İsa, insanların tövbe etmesinin bir anlık bir şey olmadığını ve tüm zamanların insanlarını tövbe etmeye çağırmak gerektiğini bilmektedir. Bu sebepten hemen ona yardım edecek ve dünyanın her köşesine ulaştıracak, bütün zamanlardaki insanlığa yayacak birilerini çağırmaktadır. O biliyor ki çağırdıkları diğerleri gibidir, yani günahkar ve tövbeye muhtaç, ama cesaretini kaybetmiyor. Onları kendi eğitecek, sabırla, devamlılıkla, kararlılıkla gerçek bir tövbe tecrübe etmelerine sebep olacak.
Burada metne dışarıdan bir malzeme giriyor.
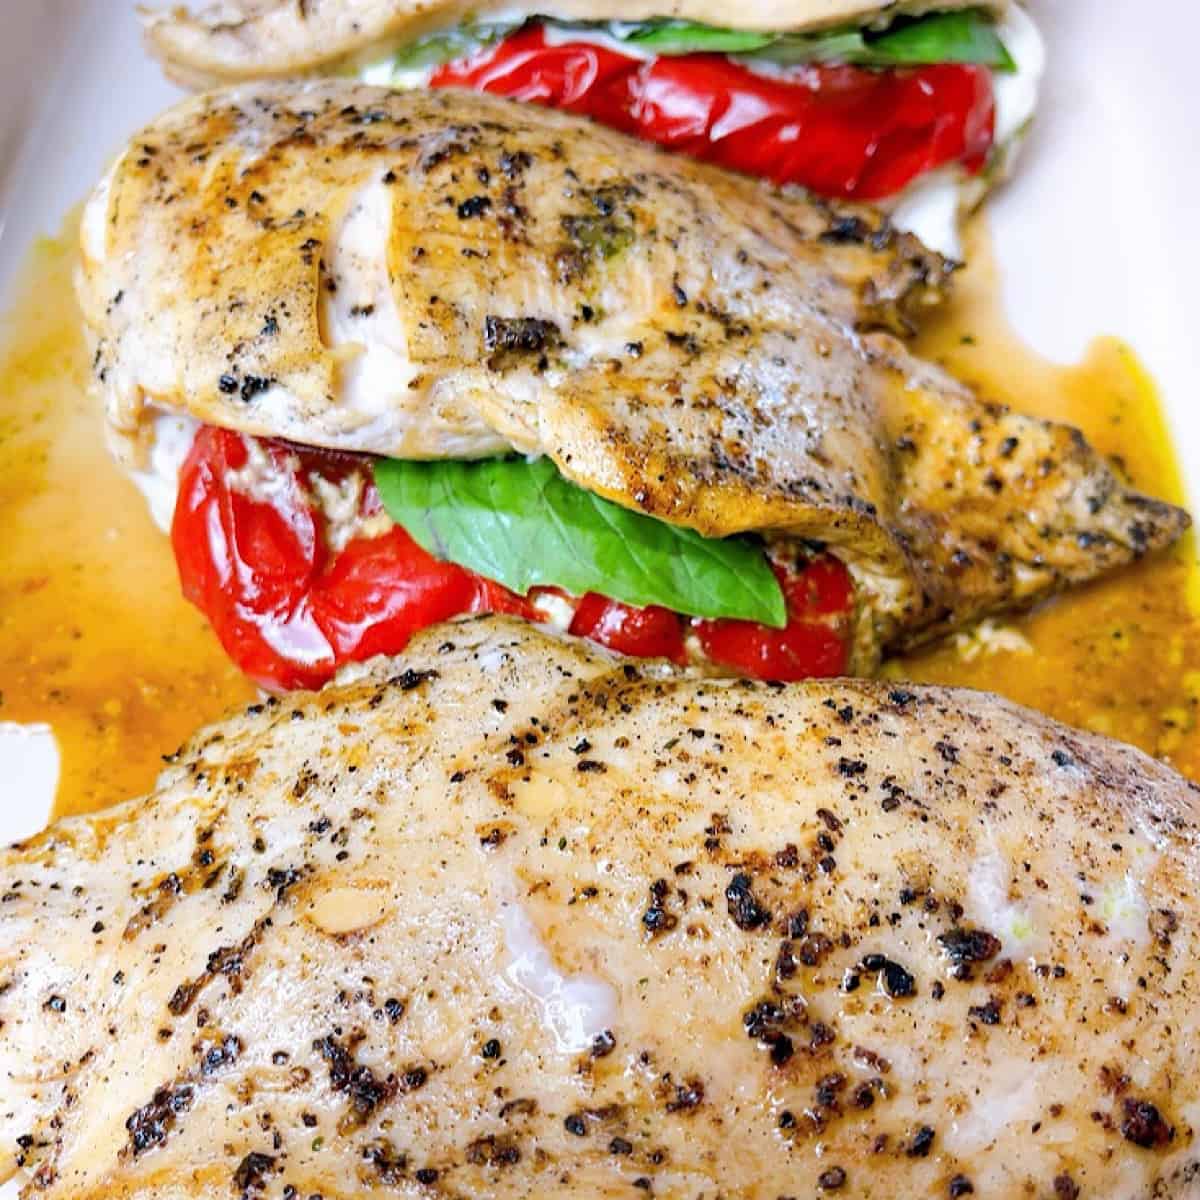 Stuffed Chicken with Roasted Red Pepper, Spinach, and Mozzarella

Bugün İsa’nın çağırdığını ve neden çağırdığını görüyoruz. O, normal insanlar çağırıyor, iş sorumlulukları ve sosyal yaşamda faal insanlar çağırıyor. Bu kişilerin, İsa ile birlikte olmaları için her şeyden, insanlardan kopmaları gerekiyor, ama her şeyden çok kendilerinden, kendi alışkanlıklarından, güvencelerinden kopmaları gerekiyor. Bu ne anlama gelir? İsa bizim için ve tüm dünya için hür insanlar hazırlamak istiyor. Her türlü bağlardan hür olup Baba’ya itaat eden sevgiyi öğrenmelerini istiyor: böylece Sözü müjdelemek ve dünyaya Allah’ın sevgisini yaymak için hazır olacaklardır. İsa ilk çağırdığı dört kişiye kendisinin “Göklerin Hükümdarlığının güzel müjdesini” bildirmek için nasıl çalıştığını göstermektedir, aynı zamanda insanların engellerine karşı ilgisini ve yardım ettiğini de belirtmektedir. Dünyada “karanlıkta… ve ölüm gölgesinde yaşayan” birçok insan ve halklar var: onlar İsa’yı beklemekte ve İsa, Sözü ve Kilisenin kardeş sevgisiyle onların yanlarına gelmektedir. Kilise tarihine baktığımızda birçok ferdinin yaşamını günahkârlara ve engellilere, hastalara adamış insanlarla dolu olduğunu görmekteyiz. Onlar bu kişilerin ruhani ve fiziki iyilikleri için yaşamlarını harcamışlardır. Biz bu Kilisenin üyeleri olmaktan gurur duyarız ve İsa’nın misyonunun devam etmesi için kararlılıkla kendimizi İsa’ya adıyoruz, böylece her insana sevgisini ulaştıracağız ve yaraları iyileştireceğiz.